Actualizado hace: 20 minutos
Roberto Baquerizo Carbo rbaquerizoc@yahoo.com
Decreto Ejecutivo 883

En “la mesa de diálogo”, a cuenta de la paz, que existía con anterioridad, se resignaron principios irrenunciables con la derogatoria del 883.

Domingo 20 Octubre 2019 | 04:00

Lo que se daba por concluido no fue tal, al siguiente día se cambió a los generales Roque Moreira, jefe del Comando Conjunto y Javier Pérez Rodríguez, comandante general del Ejército. ¿Por qué?  Pudimos apreciar un nivel de tolerancia de la fuerza pública que difería con la de la población activa: la quema del edificio de la Contraloría, la toma de la Asamblea Nacional, los ataques a Teleamazonas, diario El Comercio, violencia en las haciendas, en las instalaciones petroleras, corte de aguas, secuestros de policías y periodistas, vandalismo rampante en Guayaquil. 
Escuchamos al Presidente manifestar que no se reprimiría a los protestantes, sí a la delincuencia y otras escorias de la sociedad.

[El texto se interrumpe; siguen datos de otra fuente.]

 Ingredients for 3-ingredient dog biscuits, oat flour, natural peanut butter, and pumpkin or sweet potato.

Vi la firme intervención del ministro de la Defensa, general Oswaldo Jarrín, advirtiendo del uso progresivo de la fuerza con todas las armas disponibles y resaltando de estas, su desempeño en muchos conflictos internos y externos, triunfadoras del Alto Cenepa. 

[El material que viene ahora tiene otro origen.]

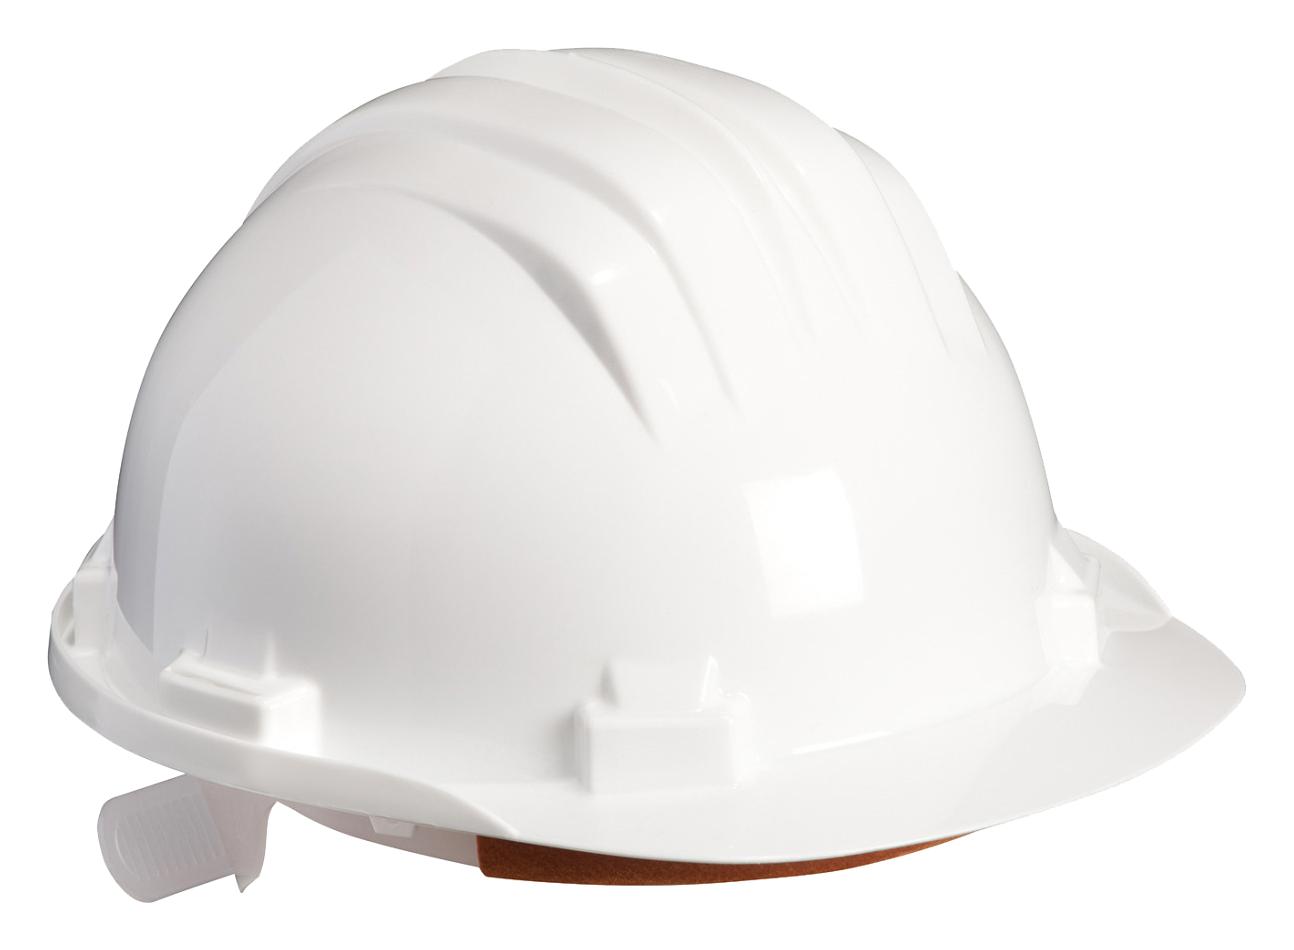 Uci Hd/cli/5-Rs/wh Standard Safety Helmet, White

No entiendo lo sucedido. Las fuerzas armadas tienen leyes, entre estas la de los derechos humanos, se me ha informado que hay soldados con restricciones en su libertad por acciones del pasado. Aquí pudiera estar la explicación de la salida de estos valiosos oficiales, por la forma en que la orden fue dada, quizás faltó escribirla. 
Los transportistas, conseguido el propósito, bajaron la guardia y una parte de la comunidad indígena se encaminó a Quito, obligó al Gobierno a cambiar su sede a Guayaquil.  Este hecho, agregado a exigencias de cese del Gobierno, motivó un amplio respaldo a su favor, no necesariamente a la medida.
En la mesa de diálogo hubo intento de vejación, Lenín escuchó, sin réplica de su parte, la derogatoria para continuar dialogando, la separación de los ministros de Defensa y Gobierno y el calificativo de vagos que generalizaron a sus ministros. El incremento de $ 15 al bono para 1,3 millones de personas pobres entre los pobres era el mejor antídoto a la medida, el país desaprovechó una oportunidad.
El decreto 883 fue estudiado en detalle, el nuevo nacerá parchado, queda el margen de inteligencia y conocimiento que tendrá que esmerarse.  Quedan ministros resentidos pensando en salir y asambleístas aliados que pueden retirar su respaldo. Destaco la constancia en el propósito, el accionar de dirigentes políticos, fuerzas armadas y la policía, el accionar de los ministros de Defensa y Gobierno y Otto. Estamos complicados y con más incertidumbre que antes.